L’intuitività di Goffman è stata proprio l’applicazione di teorie che sembravano ormai adattabili solo alle società preletterate. Il tripudio individuale moderno poteva sembrare incompatibile con la forte solidarietà collettiva e le costrizioni sociali totemiche. Tuttavia la società rimane, secondo Goffman, anche oggi un ente morale che riesce a guidare con norme sociali gli individui all’ azione, a creare solidarietà tramite le norme morali e a creare e salvaguardare la sua parte sacra: l’individuo, la parte individuale di cui parla Goffman, quella del self morale.

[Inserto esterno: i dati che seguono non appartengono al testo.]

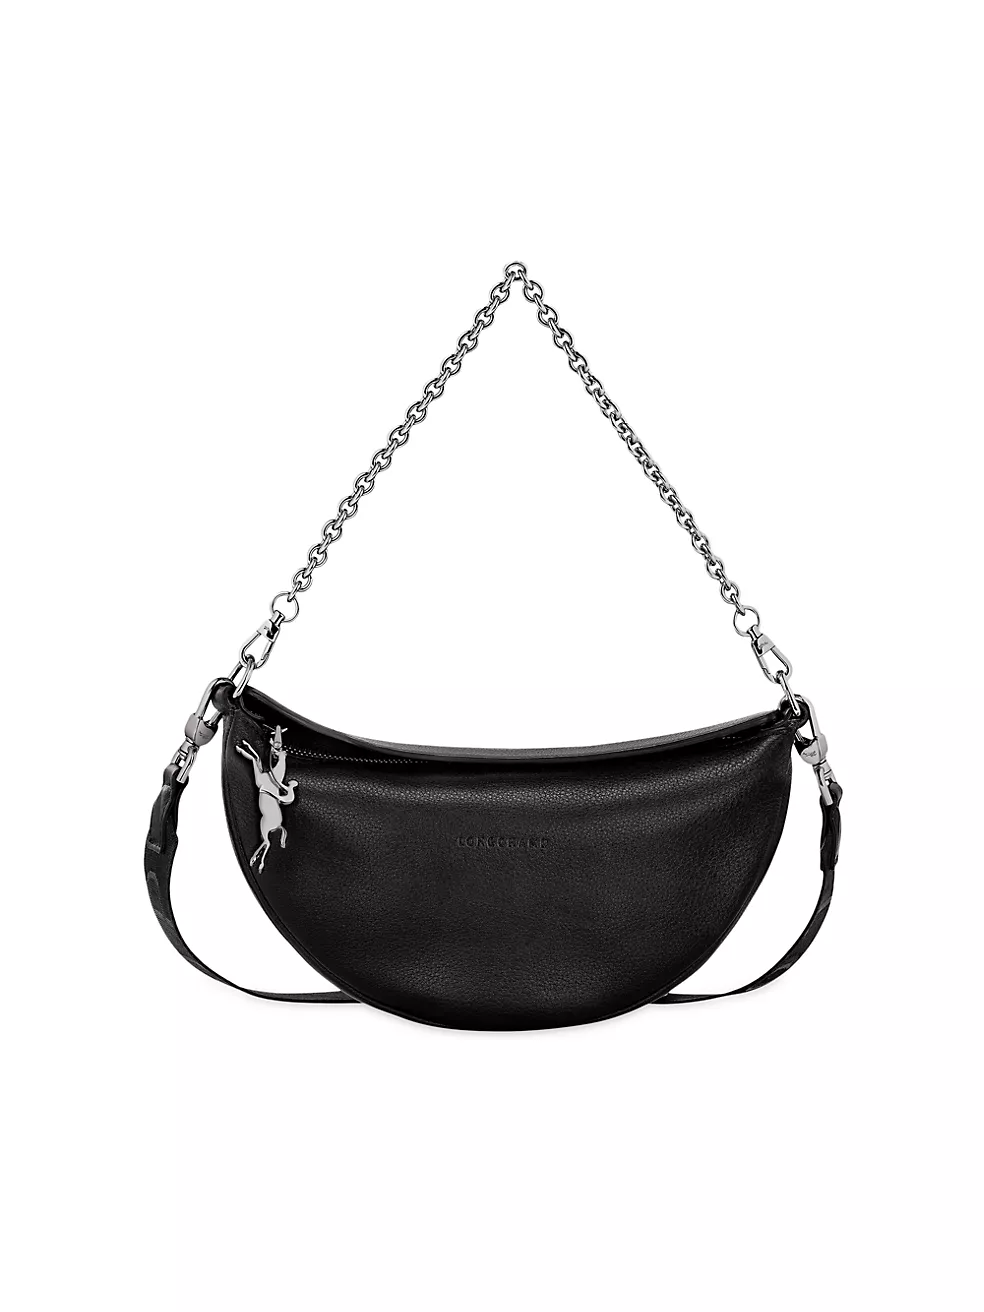 Longchamp Smile Small Leather Crossbody Bag

L’idea di un mondo del sacro totalmente separato e impermeabile di stampo durkheimiana sembrerebbe essere perduta nelle analisi di Goffman. È proprio nel quotidiano che il sociologo ritrova le pratiche rituali e la parte sacra della società. Riprendendo però anche le idee di Durkheim sull’individualismo, vediamo che la sacralità del self riguarda i suoi compiti morali. Le interazioni di cui parla Goffman sono ritualizzate per quanto riguarda varie componenti morali, come il rispetto, la deferenza, la riconoscenza. Anche se il sacro viene mescolato al mondo profano e quotidiano, è sembrato a noi concernere la moralità e la normatività sociale e non l’interesse economico personale e l’utilitarismo, ambiti eminentemente profani per Émile Durkheim.
La sociologia di Goffman è molto più ampia e complessa di quella presentata in queste poche pagine. Quello che a noi interessava era mettere in evidenzia alcuni degli aspetti della società contemporanea, la quotidianità e il culto dell’individuo,
per mostrare che nel mondo secolarizzato sono molti gli ambiti in cui si possono ritrovare le pratiche rituali. Altra cosa che ci interessava mostrare era la affinità con i pensieri durkheimiani che sono l’altro filo conduttore del nostro elaborato.